The question—and the way it seems to be posed—should concern our profession. It illustrates how the burden of active learning is clearly placed on the shoulders of the professoriate. The central message of so much active learning literature seems to be: Change your attitude, even if you're staring out at four hundred students! If there's passivity among your students, it's yours to change. At its worst, the literature portrays the professor as a rusty wheel ignoring the paradigm shift. As one article in BizEd magazine, a national business school publication, put it in November-December 2002, new faculty members—annoyingly referred to as "service providers"—cannot be contented with having a PhD but must subscribe to the active learning plan. The professor ready for competition must have both "intellectual" and "interpersonal" skills and must be ready to do more than just convey information.

Active learning is part of a wider change in academe. It's about the "new professor," whose outlines became clearer during the 1990s. As most of us know, expectations for younger professors are changing. The typical career track no longer consists of acquiring a PhD and getting a job but rather a series of teaching assistantships, postdoctoral appointments, adjunct positions, and, then, who knows? Even if you get a full-time position, that's no reason to operate according to the assumptions baby-boom academics held. Universities that once demanded teaching and no research are suddenly demanding research. Universities that expected one book for tenure are now expecting two. University administrations have ratcheted up expectations, because the abysmal job market allows for it.

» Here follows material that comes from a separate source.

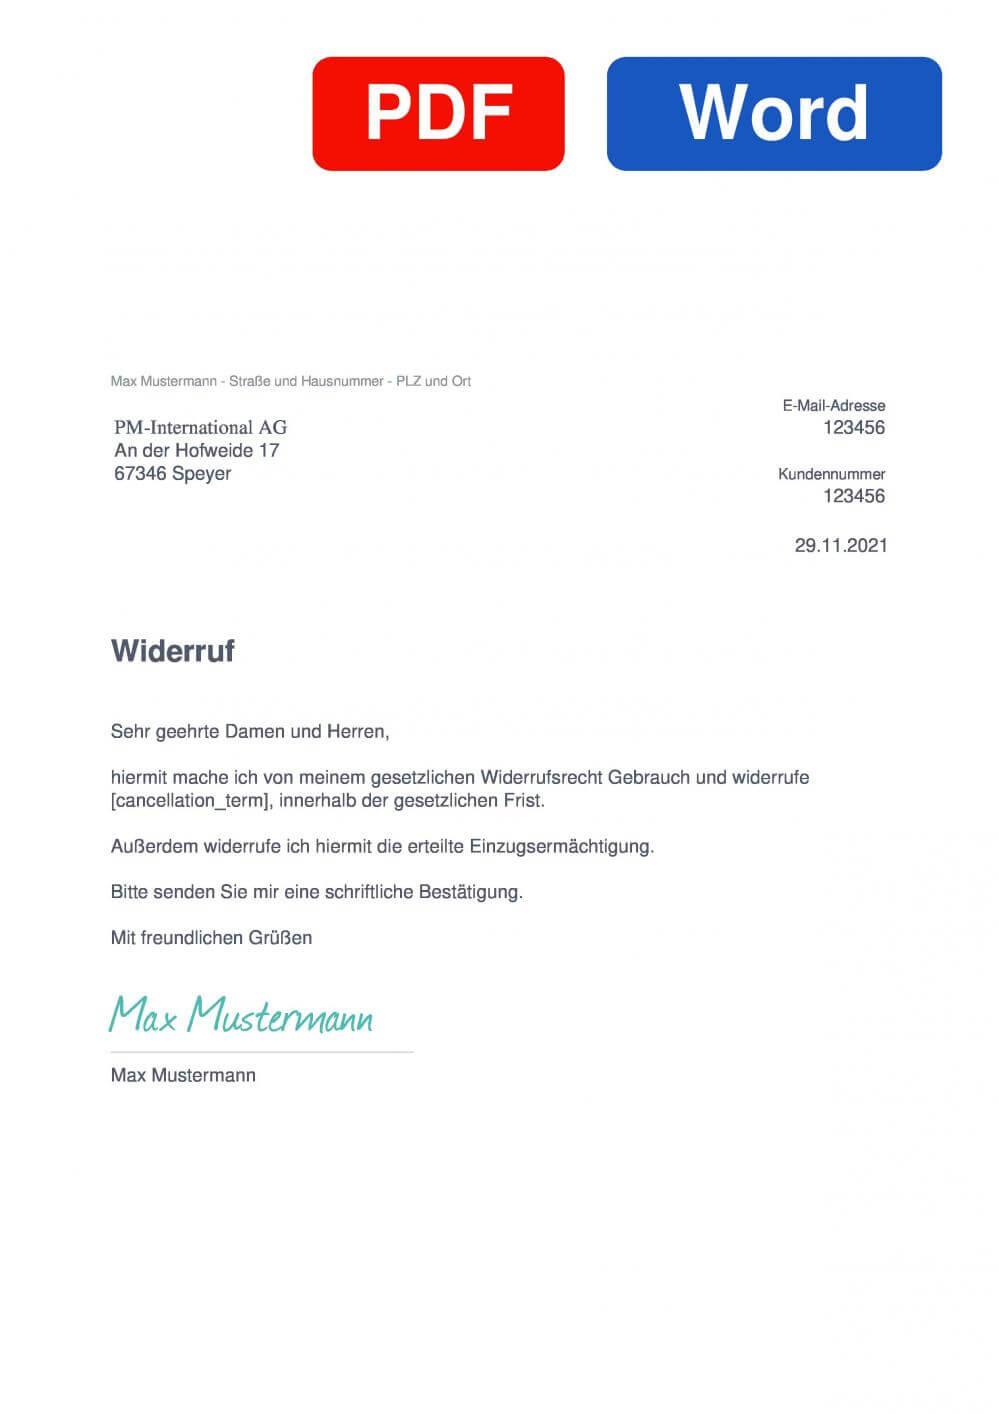 PM International Muster Vorlage für Wiederrufsschreiben

It's within this context that the recent demand for active learning must be understood. It's certainly a healthy sign that higher education's leaders expect a new generation of professors to become good teachers rather than disorganized rambling lecturers standing distant at the podium. But something much more than that is happening here. It's no longer good enough to teach well; instead, professors must be ready to embrace newly developed methods of "engagement," even as class enrollments skyrocket. The "new professor" must make large classes as entertaining as video games—or else take students out for coffee and memorize their hobbies. In other words, professors must do whatever it takes to secure their jobs.

The dawn of the "new professor" militates against a better response. Our question shouldn't be, What can be done about the teachers? The question instead should be, What can be done to ensure that the working conditions of young professors make it possible for them to do their jobs? Just like doctors who ask about the parameters set by HMOs for patient care, we should ask ourselves about the conditions set by university administrators. If we want active learning, then we need smaller class sizes. We need to stop pretending the attitude of professors is the only thing that matters.

I realize that we as Americans don't like to hear that if we want something-be it active citizens, smart kids, people who can think and be prepared for democratic action-we need to spend money on it and recraft our institutions to reflect our goals. Many of us prefer quick fixes or a change in attitude. We're willing to listen to chatter about "paradigm shifts" but not about spending more money and reforming institutions.As professors, we have the responsibility of pressing tough questions, not just on our students but on society as a whole. We must shape the debate about the future of our profession and the goal of educating young people. And if we really want active learning, we need to resist quick fixes and ask some difficult questions about the future of higher education. Our students and our society will benefit from our doing so. So will we.

Kevin Mattson teaches American history at Ohio University. He is author, most recently, of When America Was Great: The Fighting Faith of Postwar Liberaliam and co-editor of Steal This University! The Rise of the Corporate University and the Academic Labor Movement.